**Task brief:** Using the records below, quote only the span that opens with the line containing "Northerner light blue" and closes with the line containing "01102 Bahamas: 100", exactly and inclusively.

**Entries supplied:**

▬▬▬

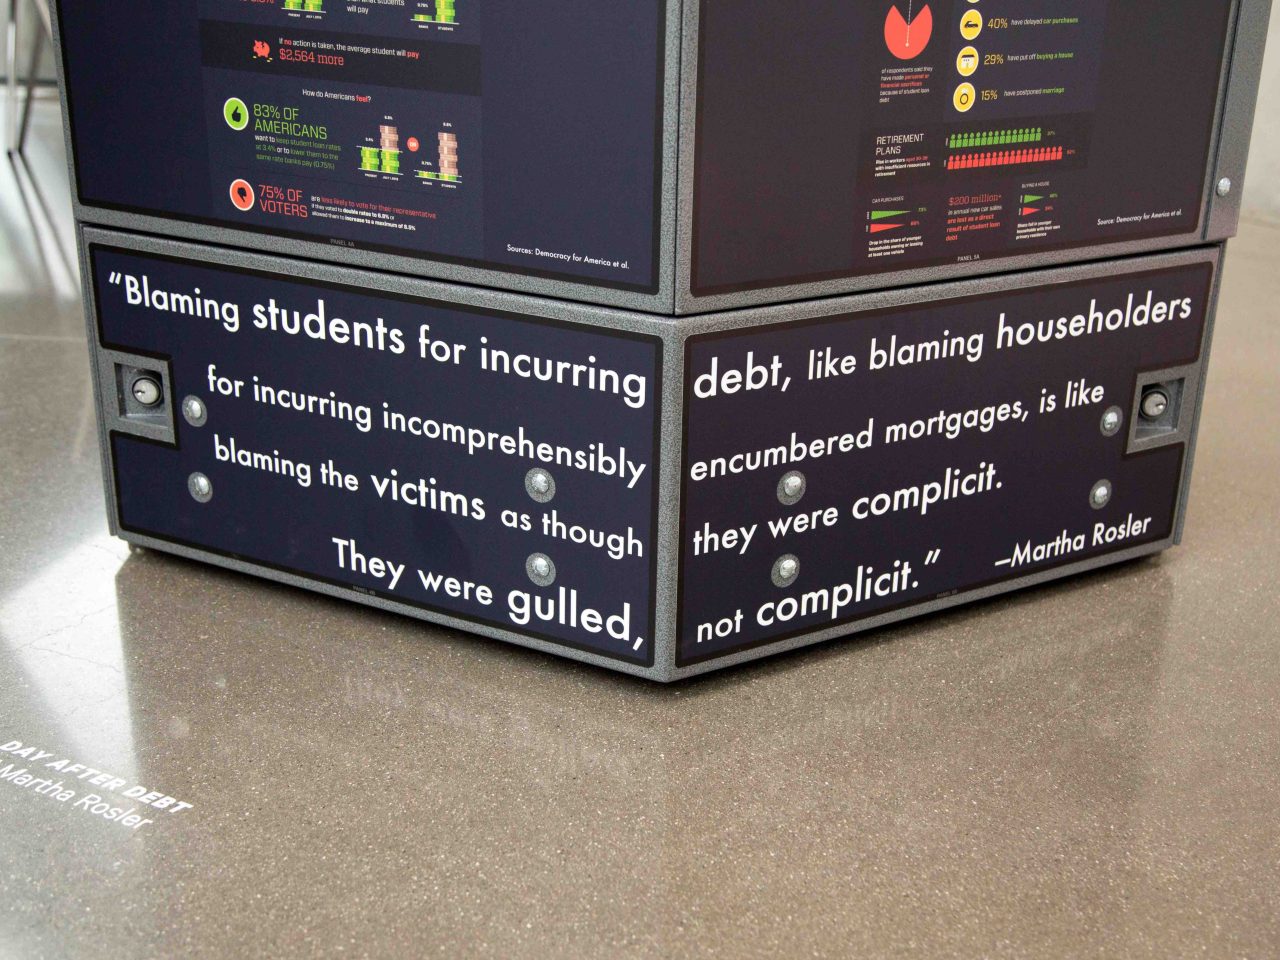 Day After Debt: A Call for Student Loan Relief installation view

▬▬▬

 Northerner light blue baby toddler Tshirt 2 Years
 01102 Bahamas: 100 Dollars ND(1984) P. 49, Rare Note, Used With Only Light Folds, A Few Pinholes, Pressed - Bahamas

▬▬▬

**Exercise answer:**
 Northerner light blue baby toddler Tshirt 2 Years
 01102 Bahamas: 100 Dollars ND(1984) P. 49, Rare Note, Used With Only Light Folds, A Few Pinholes, Pressed - Bahamas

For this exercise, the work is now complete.